Burchfield, a former 7 Hills staff member, has worked in the field of homelessness services locally for nearly a decade and knows several people without shelter by name. He said his goal is to help first the people who have been homeless the longest, especially those with chronic health, substance abuse and mental health issues that have precluded them from regaining housing.

"We want to be ready to accommodate people from all walks of life, help them feel safe, help them feel supported and really just laser-focus on that individualized housing plan that would work for them," Burchfield said.

The 5 acres New Beginnings will use for its project was owned by the University of Arkansas. The university still owns about 50 wooded acres in the area. New Beginnings bought its land, a mostly clear patch facing School Avenue, in September 2018 from the university for $72,571, according to Washington County property records.

Around the time New Beginnings bought the land, university police cleared camps in the wooded areas nearby, where about 100 people were living. Homelessness service organizations and police said the camps were unsafe and unsanitary.

The Salvation Army opened its shelter for longer hours. Several people found homes through 7 Hills, the U.S. Department of Veterans Affairs and other organizations.

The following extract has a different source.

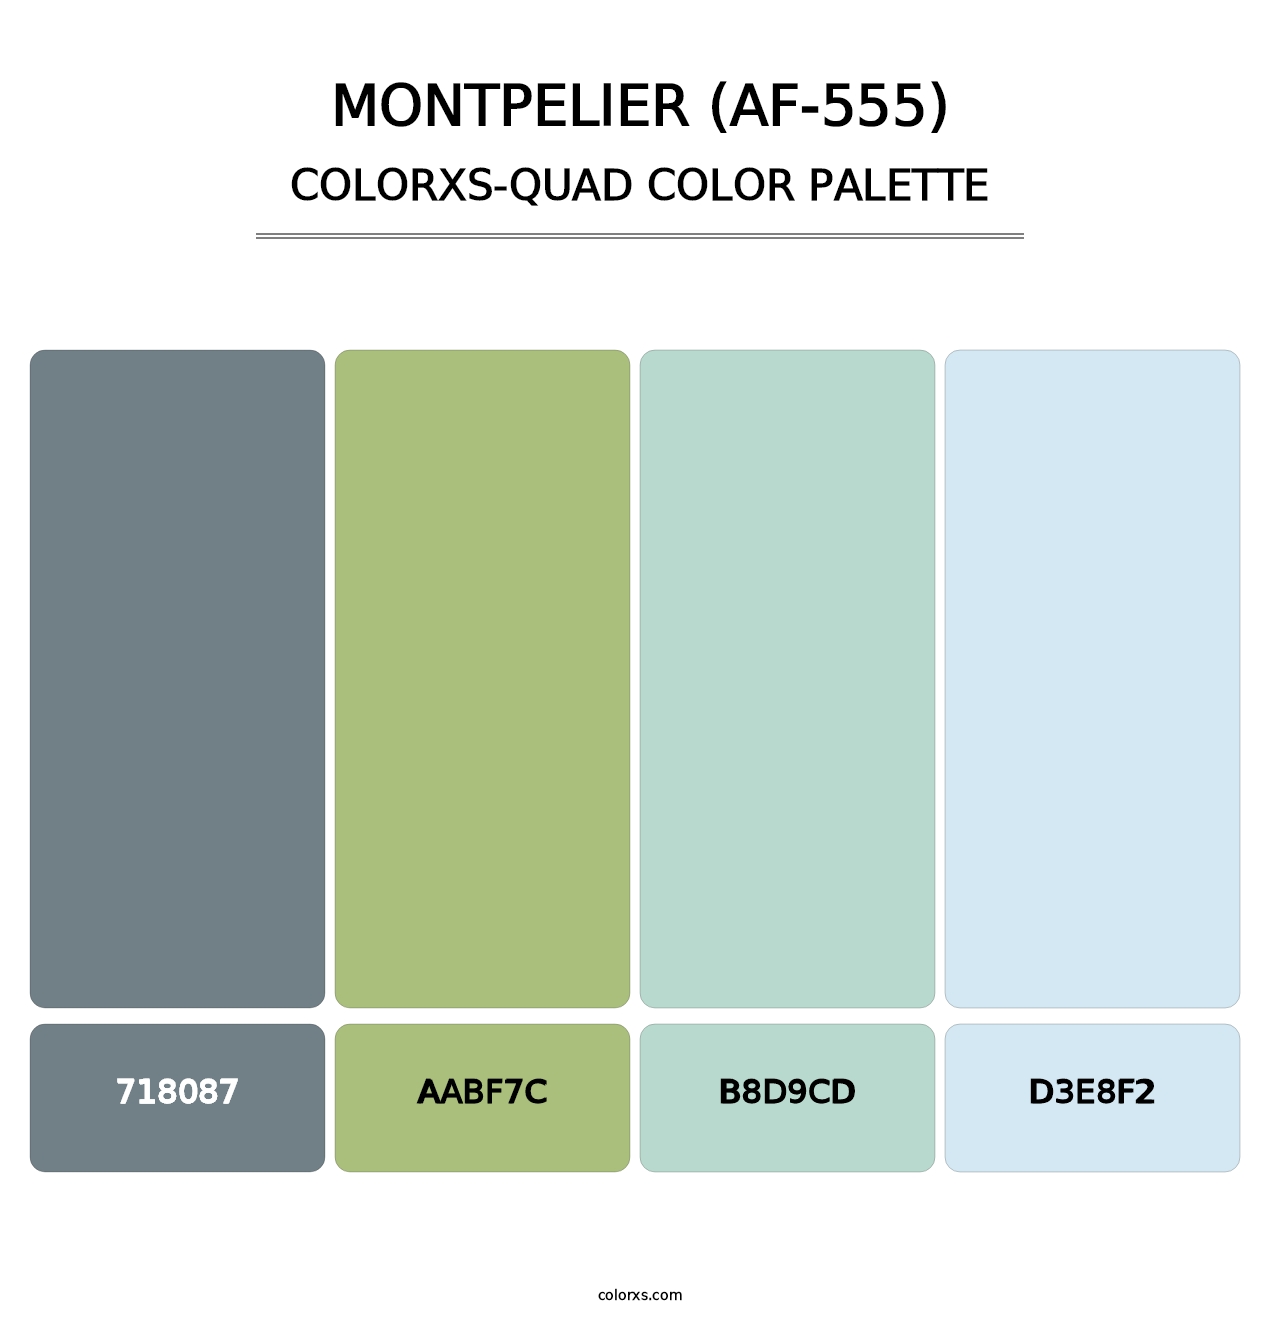 Montpelier (AF-555) - Colorxs Quad Palette

Others remain unsheltered. A count on Jan. 23 found 369 people experiencing homelessness in Washington, Benton, Madison and Carroll counties. Of those, 202 were unsheltered, 149 lived in an emergency shelter and 18 lived in some form of transitional housing.

About 50 people are living at a city-sanctioned campsite south of 7 Hills' Walker Family Residential Community on Huntsville Road. The camp provides basic services and resources such as tents, tarps, sleeping bags, outdoor sanitation facilities and meal deliveries.

7 Hills is operating the site using about $85,000 in federal Coronavirus Aid, Relief and Economic Security Act money. The intention is allow people to get what they need at one location without having to travel, preventing a potential spread of covid-19.

Shaping the community

The idea of bridge, or transitional, housing is no one stays forever, and the people who live at the New Beginnings community get where they need to go, Burchfield said.

There will be 20 small homes and possibly 10 more in a second phase, but the goal is to have as few as necessary, Burchfield said. As people move through the program, whether they stay for weeks or months, everyone who needs help will get it, he said.

Tenants and staff will work together equally to maintain order, Burchfield said. Residents will agree to a code of conduct. They'll also help shape the rules, preempting behavioral issues that could come about, he said.

Staff will be trained in deescalation, first aid, conflict resolution and other measures to address harm done without immediately resorting to punishment or eviction, Burchfield said. Tenants will be able to take the skills they've learned living among other people to their permanent housing situations, he said.

It's a model that has worked in places all over the United States, said Donald Whitehead, executive director of the National Coalition for the Homeless. Places such as Community First! Village in Austin, Texas, have proven hundreds of formerly homeless people can live successfully if they have easy access to what they need, he said.

Bridge housing is a form of the "housing-first" approach to ending homelessness. If the approach can work in other places nationally, it can work in Fayetteville, Whitehead said.

"There's no monolithic group of homeless people," he said. "They all have different issues, and they all are going to take different solutions to be able to get to the ultimate goal of self-sufficiency."